Recent figures from the National Records of Scotland highlight a decline in drug deaths across Scotland, with a 21% reduction marking a significant step in the right direction in addressing substance abuse issues. 

NHSGGC has implemented several innovative approaches in recent years, which have improved access to harm reduction, treatment and care and recovery including the Enhanced Drug Treatment Facility.

This is the first service in Scotland to offer Heroin Assisted Treatment to people with severe opioid dependence who have been unable to engage with mainstream treatment options. The service provides fully supervised injectable diamorphine to those who suffer from severe opioid dependence and offers support to a population with severe and multiple disadvantages and complex needs.

Susanne Millar, Chief Officer for our HSCP said: “Enhanced Drug Treatment Service (EDTS) takes a targeted approach for several people in the city who are at the highest risk of drug related death. The service aims to reduce the harms associated with high-risk opioid use, as well as improve health and social outcomes while offering an opportunity to discuss wider health and social care needs with people as they engage with treatment.

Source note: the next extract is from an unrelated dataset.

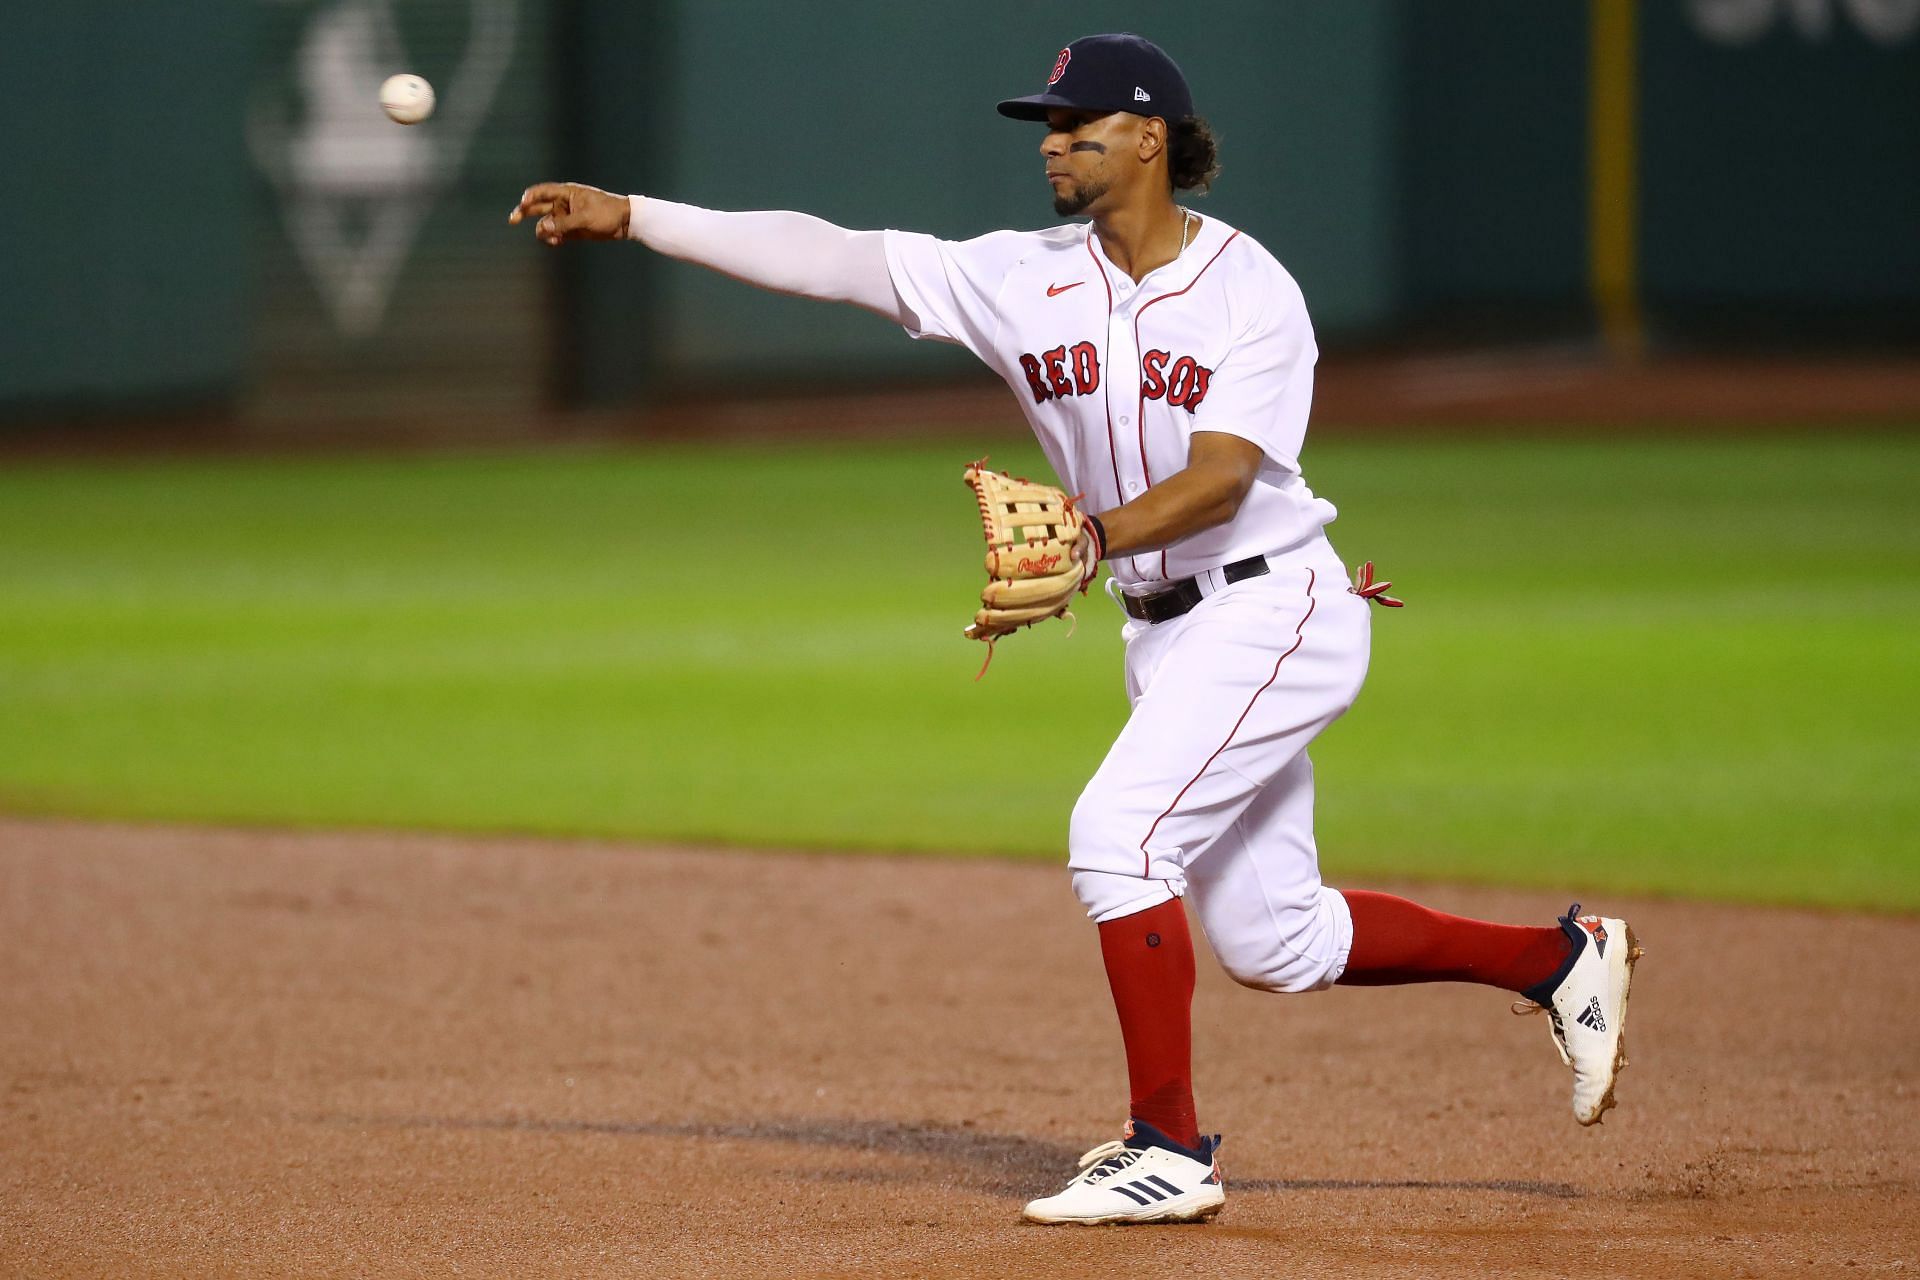 Xander Bogaerts has played his entire Major League career for the Boston Red Sox
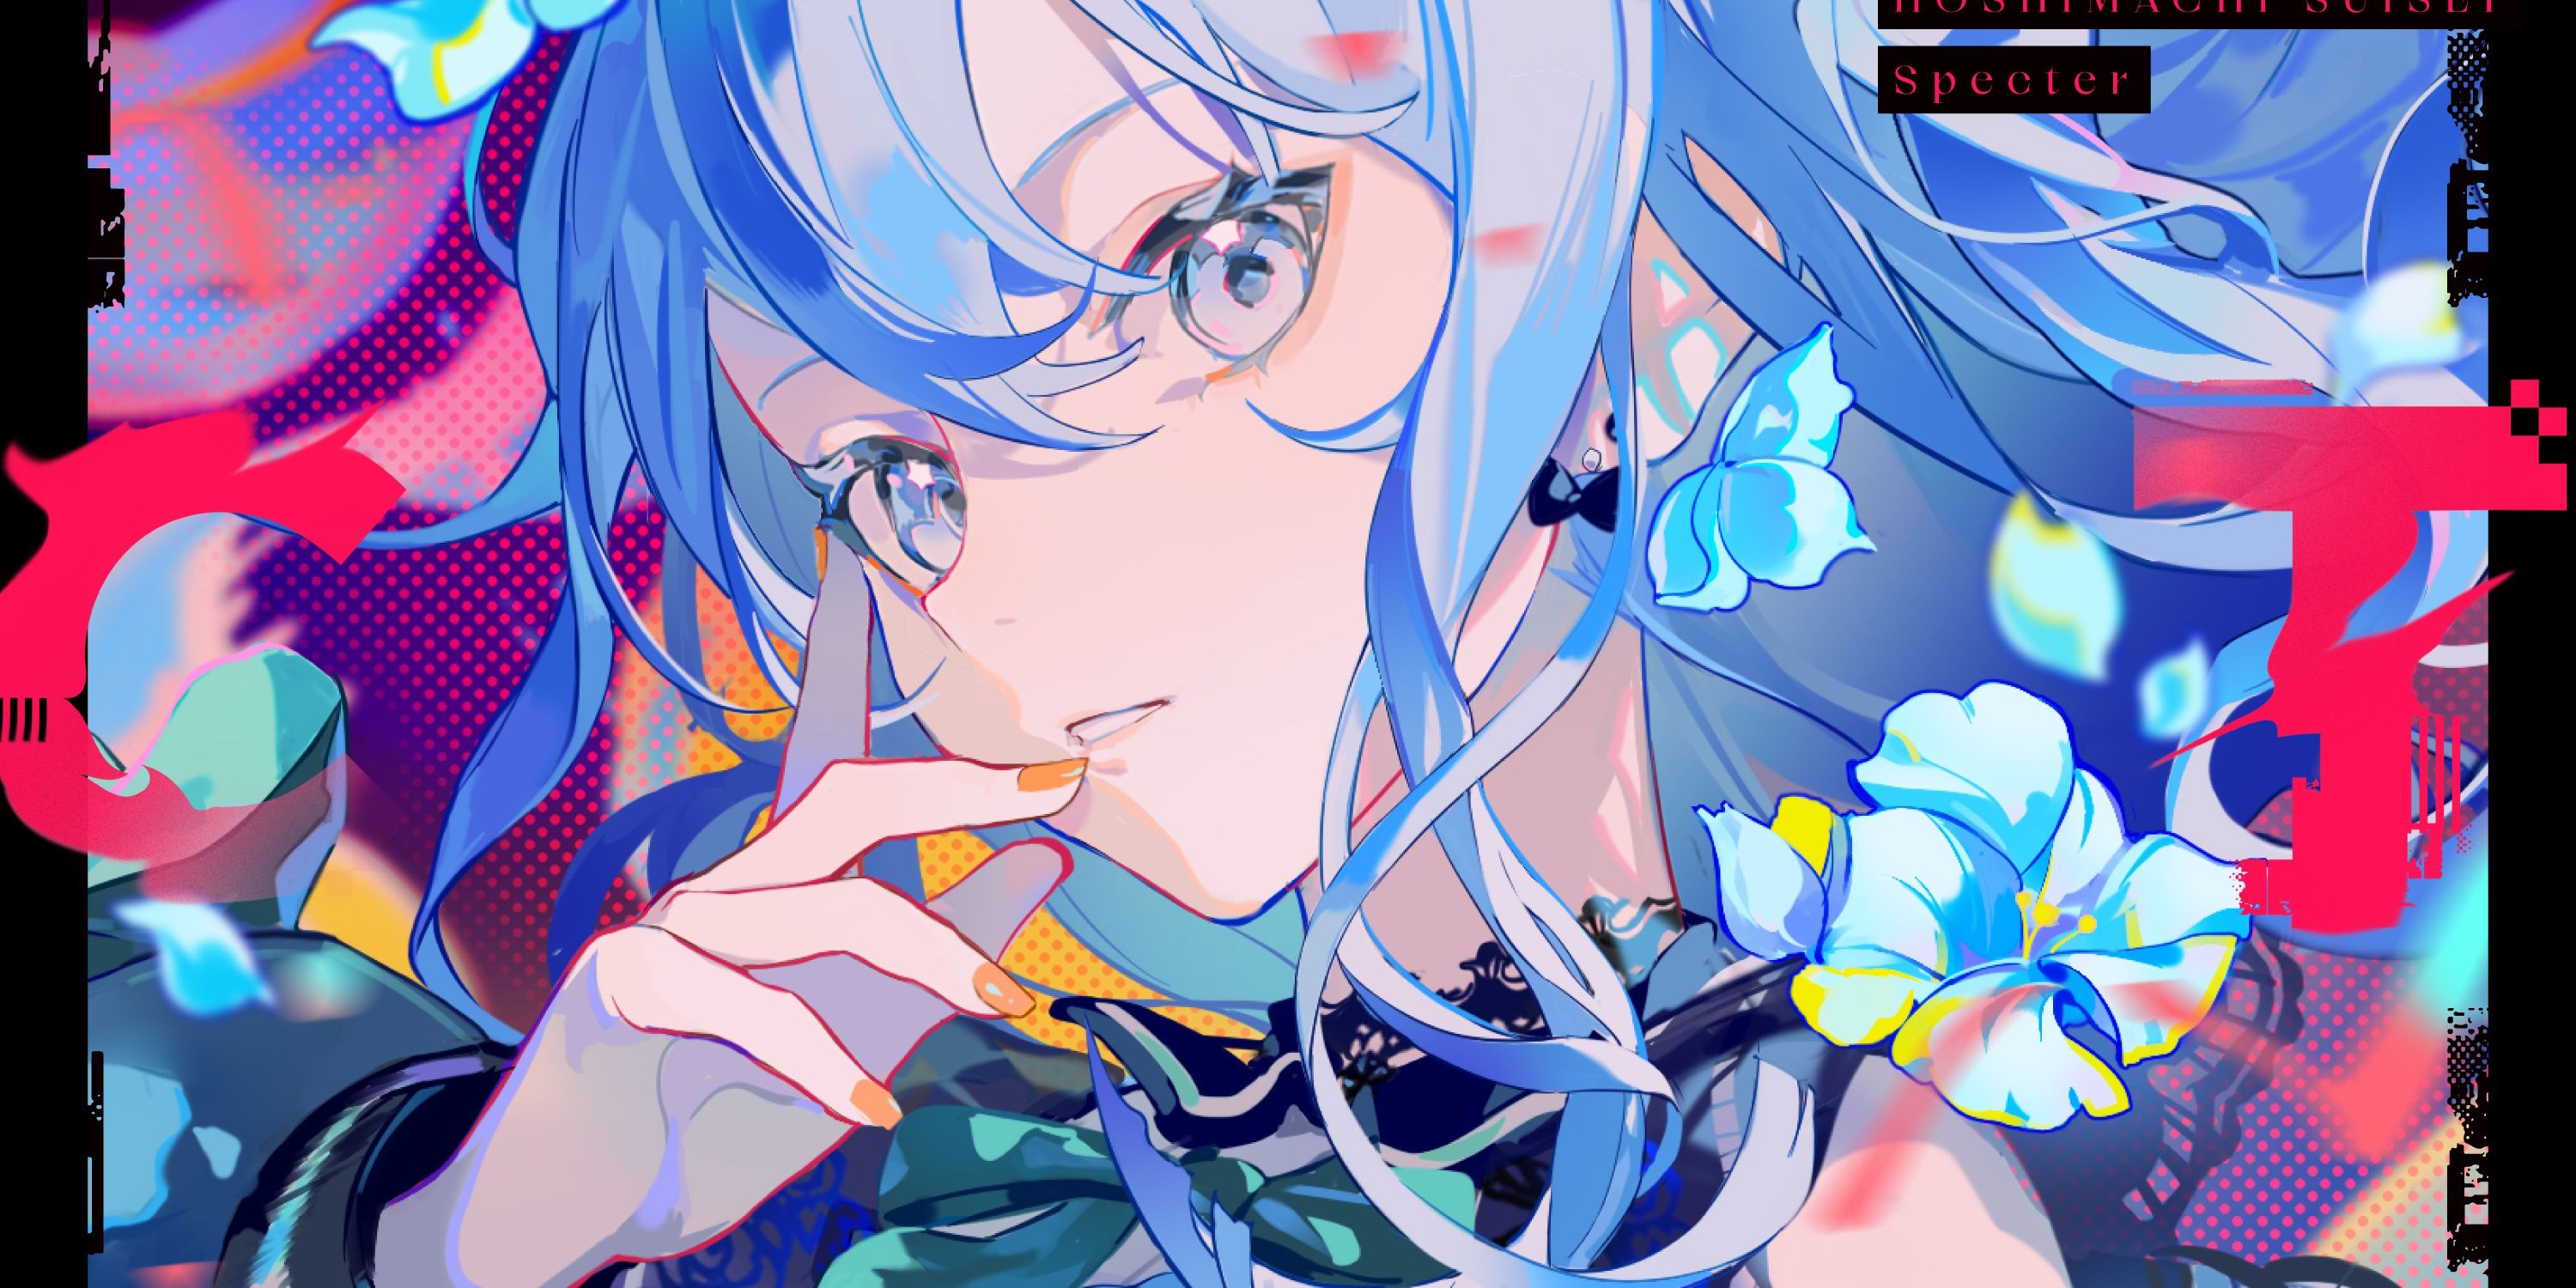 Image taken from Suisei's album, "Spectre", depicting her surrounded by blue flowers as she holds a hand to her face and looks at the screen.

“The figures released indicate that services such as this are having a positive impact on drug related deaths and although these figure remains higher than we would like, it’s positive to see these moving in the right direction. Each of the HSCPs across Greater Glasgow and Clyde are committed to working together, and with partners, to minimise harms for the people who use drugs and alcohol through a whole system approach.

“Problematic drug use remains a key priority and affects families and communities across the city, and I want to offer condolences to every person who has suffered the loss of a loved one.”     

Drugs and Alcohol Policy Minister Elena Whitham MSP visited the service and commented on the drug death figures released earlier this week. 

She said: “My sympathy goes out to all those affected by the loss of a loved one through drugs. While I am pleased to see that hundreds of families have been spared this agony and lives have been saved, every life lost is a tragedy and the number of deaths is still too high. I can see that our work across Scotland is gathering pace, and I’m grateful to all those delivering vital services.”

“As part of our £250 million national mission on drugs, we’ll continue to focus on getting more people into the form of treatment and support they need, expand access to residential rehabilitation and drive the rollout of life-saving Medication Assisted Treatment (MAT) Standards where we are making significant progress.”